Calculate pairwise Tanimoto distances between all molecules in a list.

  • Supports: Parallel processing via n_jobs parameter
  • Returns: Distance matrix

cdist(mols1, mols2, ...)

Calculate Tanimoto distances between two sets of molecules.

Clustering and Diversity

cluster_mols(mols, cutoff=0.2, feature_fn=None, n_jobs=1)

Cluster molecules using Butina clustering algorithm.

  • Parameters:
    • cutoff: Distance threshold (default 0.2)
    • feature_fn: Custom function for molecular features
    • n_jobs: Parallelization (-1 for all cores)
  • Important: Builds full distance matrix - suitable for ~1000 structures, not for 10,000+
  • Returns: List of clusters (each cluster is a list of molecule indices)

pick_diverse(mols, npick, ...)

Select diverse subset of molecules based on fingerprint diversity.

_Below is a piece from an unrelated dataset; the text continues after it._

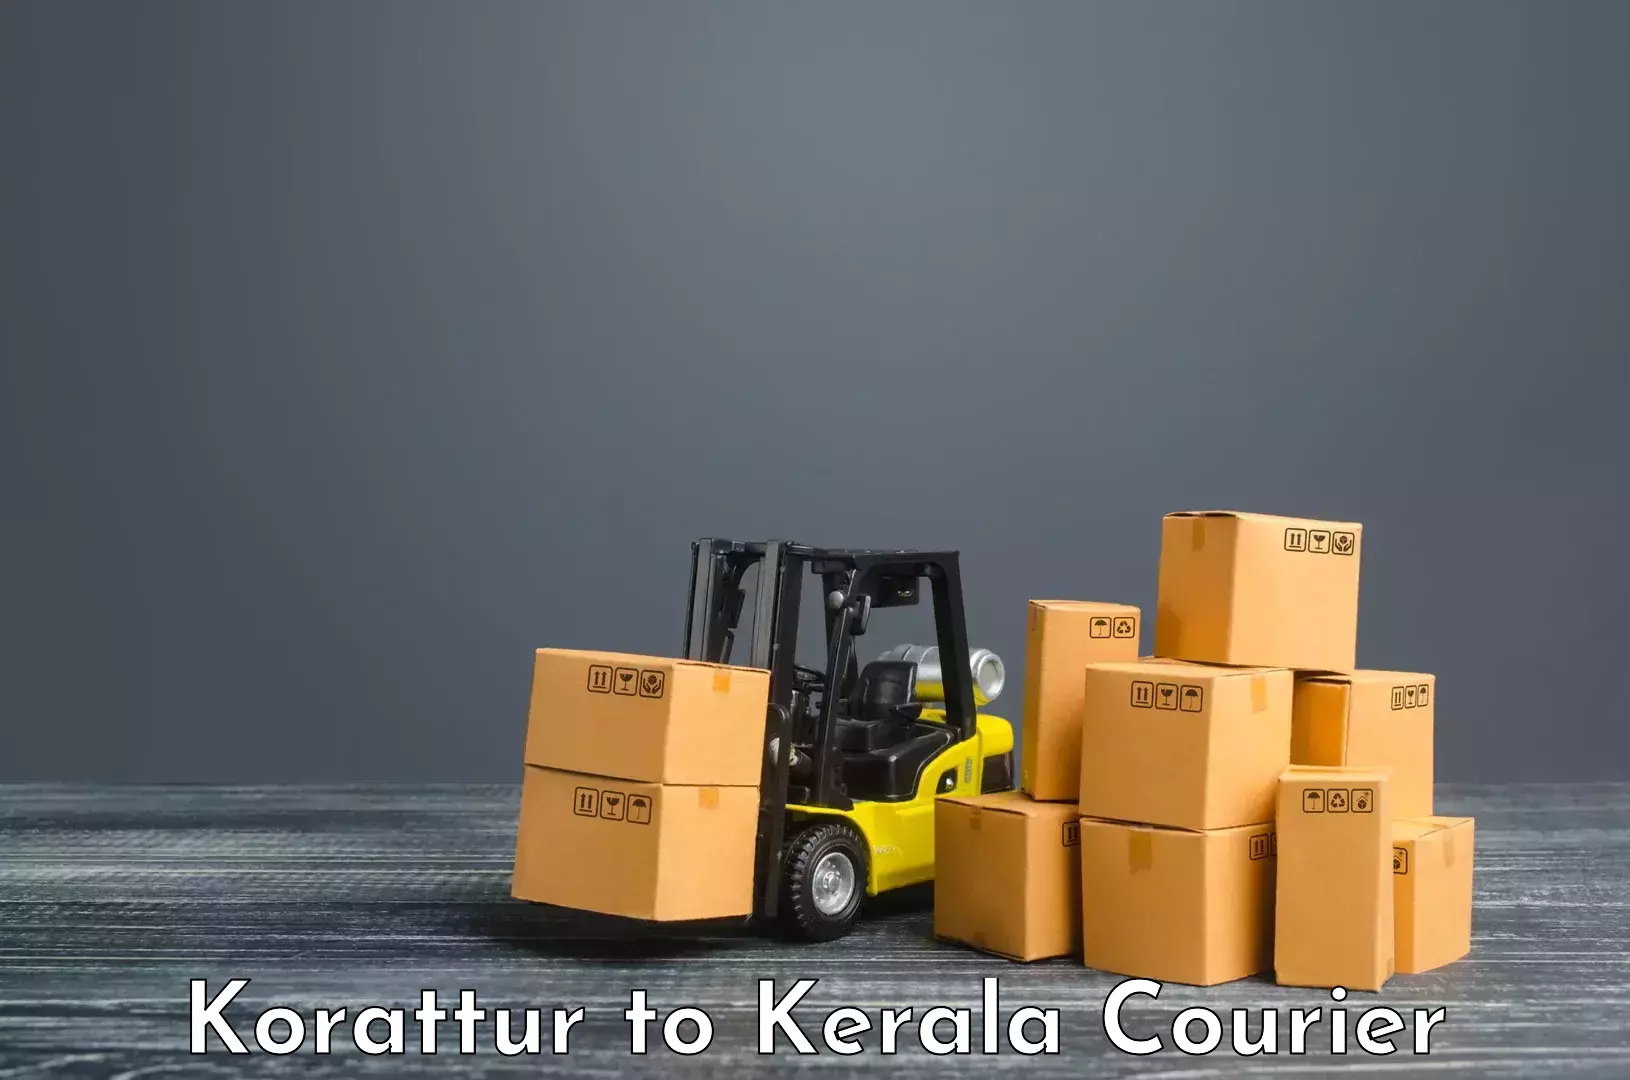 Courier service comparison Korattur to Thiruvananthapuram

pick_centroids(mols, npick, ...)

Select centroid molecules representing clusters.

Graph Operations

to_graph(mol)

Convert molecule to graph representation for graph-based analysis.

get_all_path_between(mol, start, end)

Find all paths between two atoms in molecular structure.

DataFrame Integration

to_df(mols, smiles_column='smiles', mol_column='mol')

Convert list of molecules to pandas DataFrame.

from_df(df, smiles_column='smiles', mol_column='mol')

Convert pandas DataFrame to list of molecules.